Would you repeat word for word the lines of the listing that follows, from the one with "Google reportedly allowed" up to and including the one with "Aerial photograpy of", and leave out the images?

(Data)

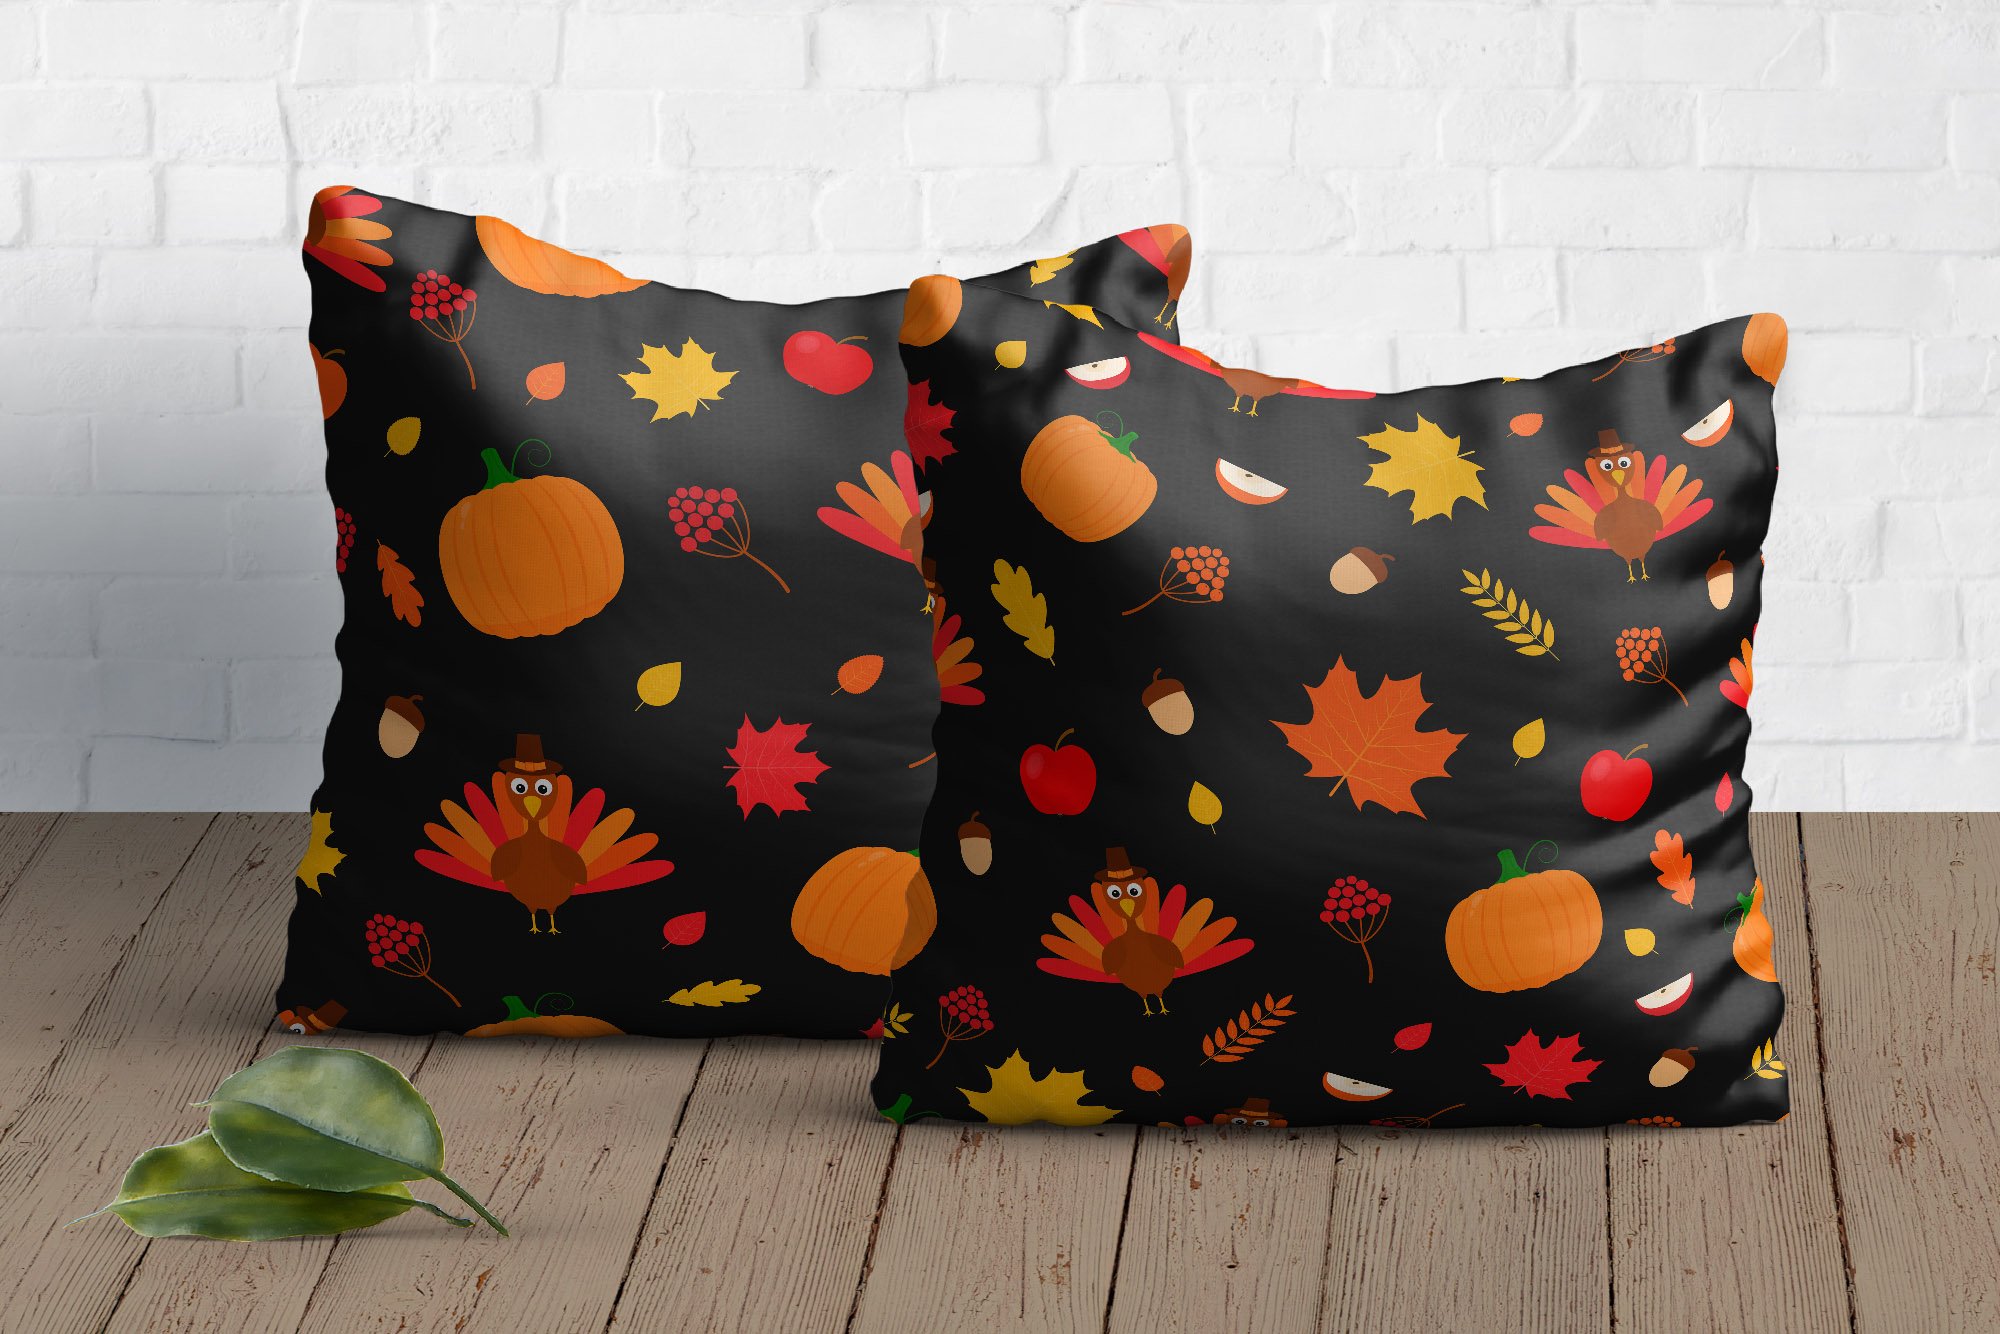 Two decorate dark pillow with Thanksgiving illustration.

(End Data)
(Data)

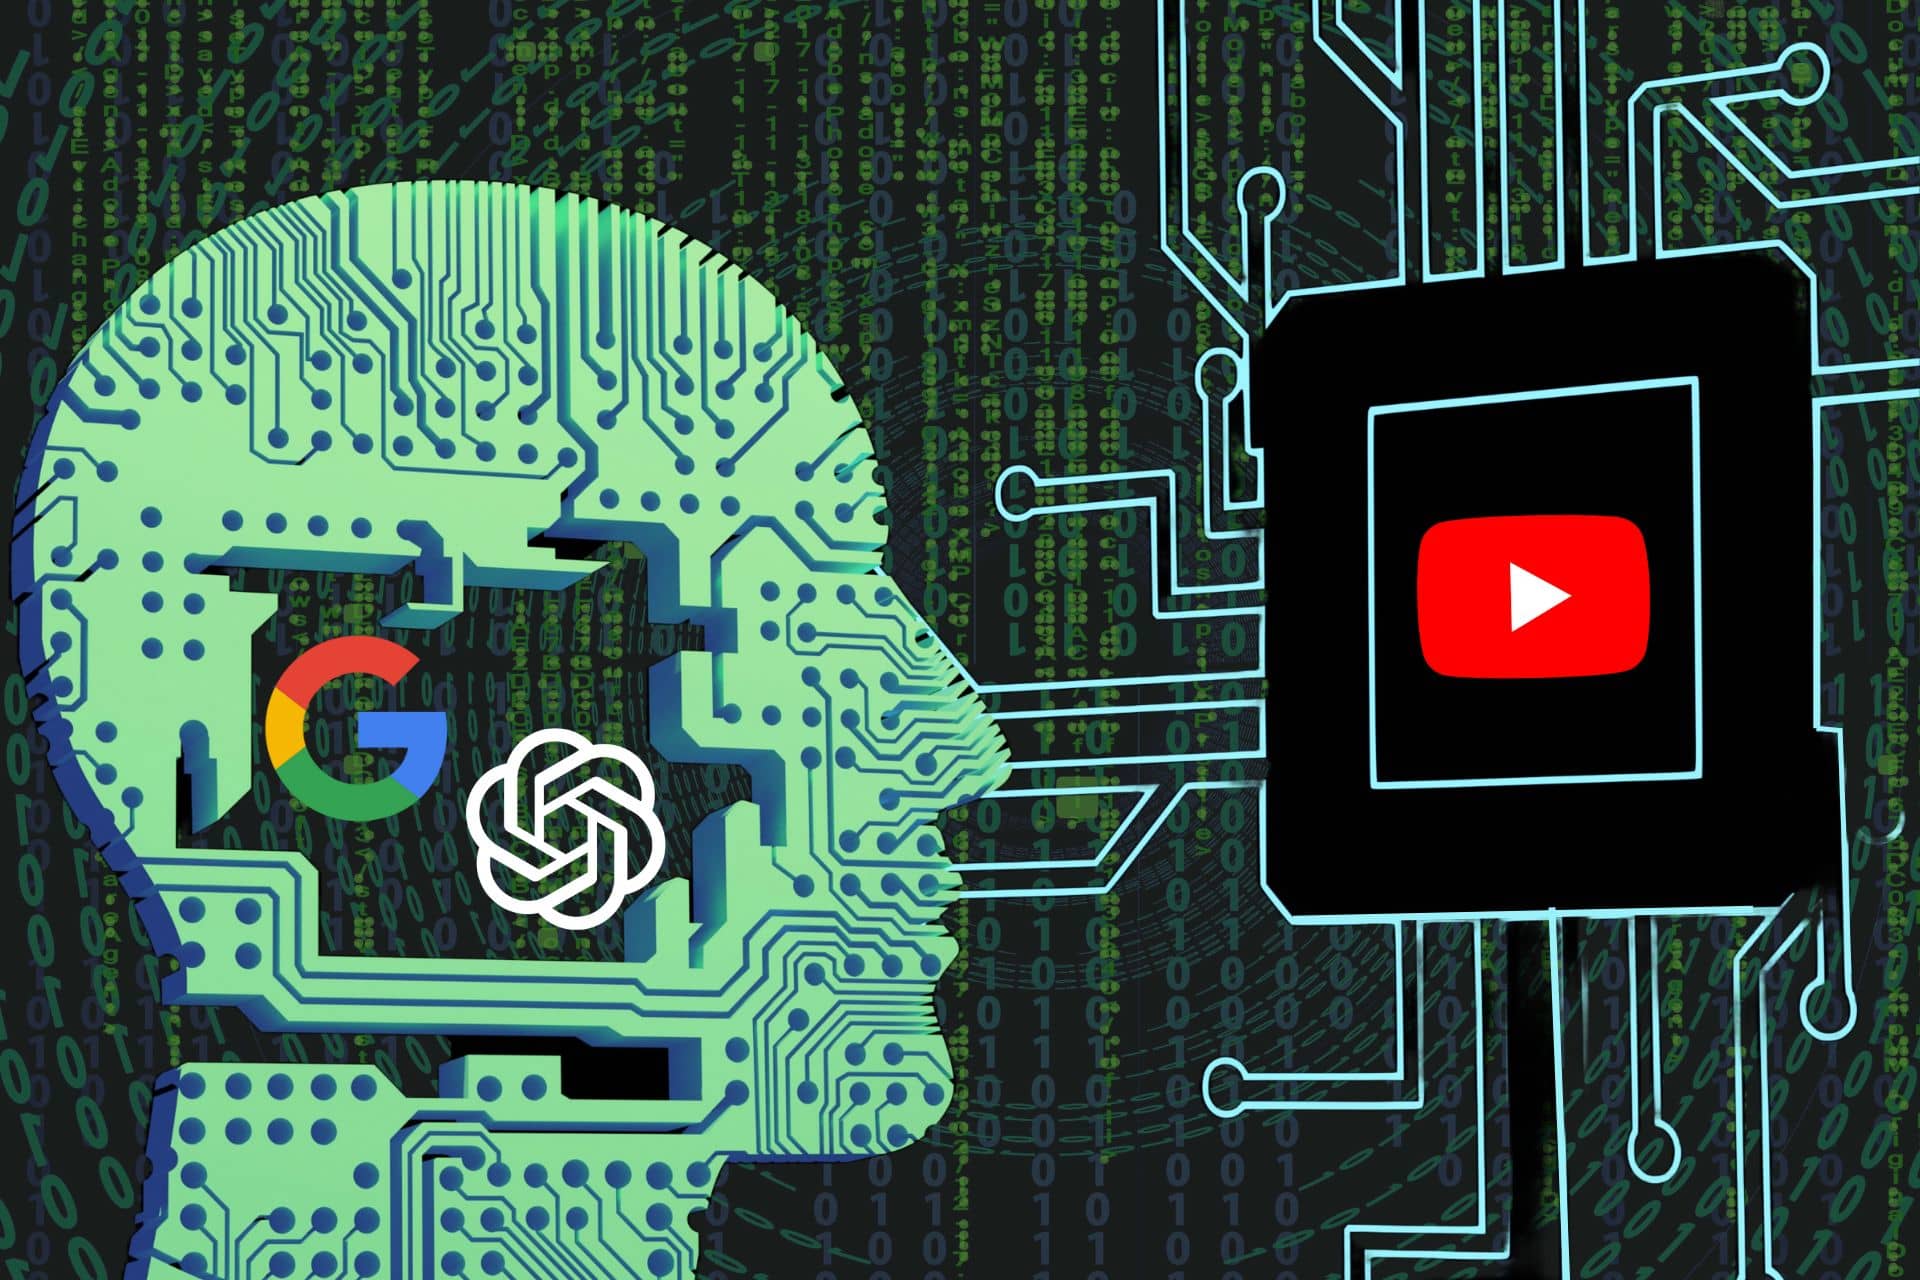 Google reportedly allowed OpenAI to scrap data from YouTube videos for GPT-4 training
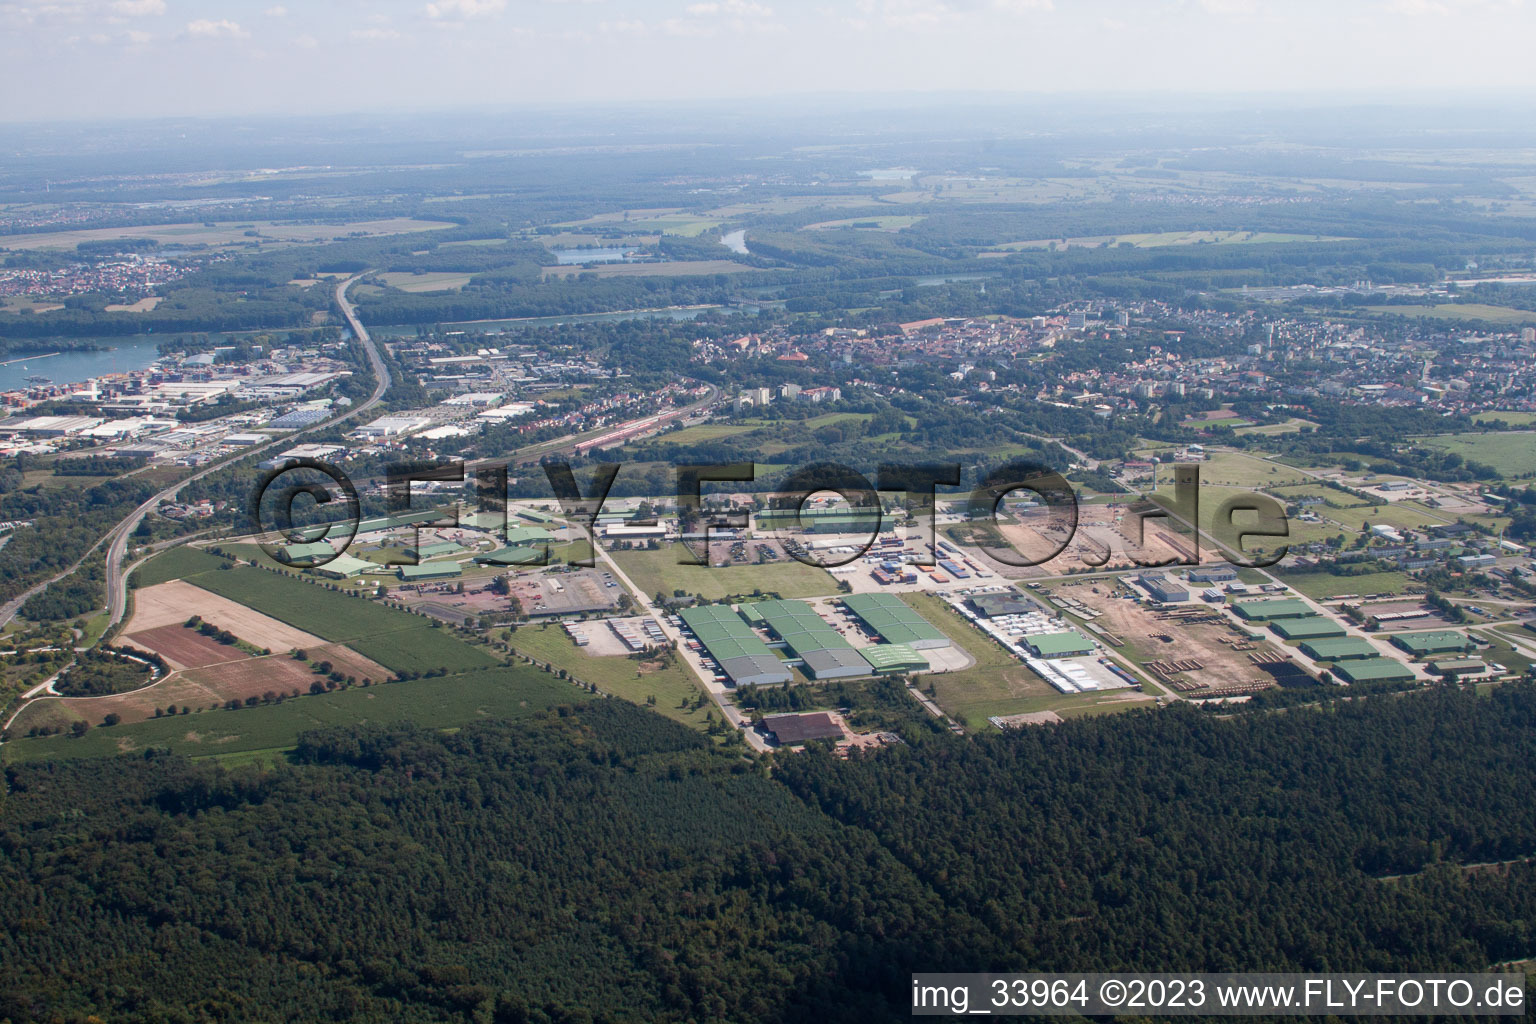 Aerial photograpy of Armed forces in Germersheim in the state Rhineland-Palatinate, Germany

(End Data)

Task answer:
 Google reportedly allowed OpenAI to scrap data from YouTube videos for GPT-4 training
 Aerial photograpy of Armed forces in Germersheim in the state Rhineland-Palatinate, Germany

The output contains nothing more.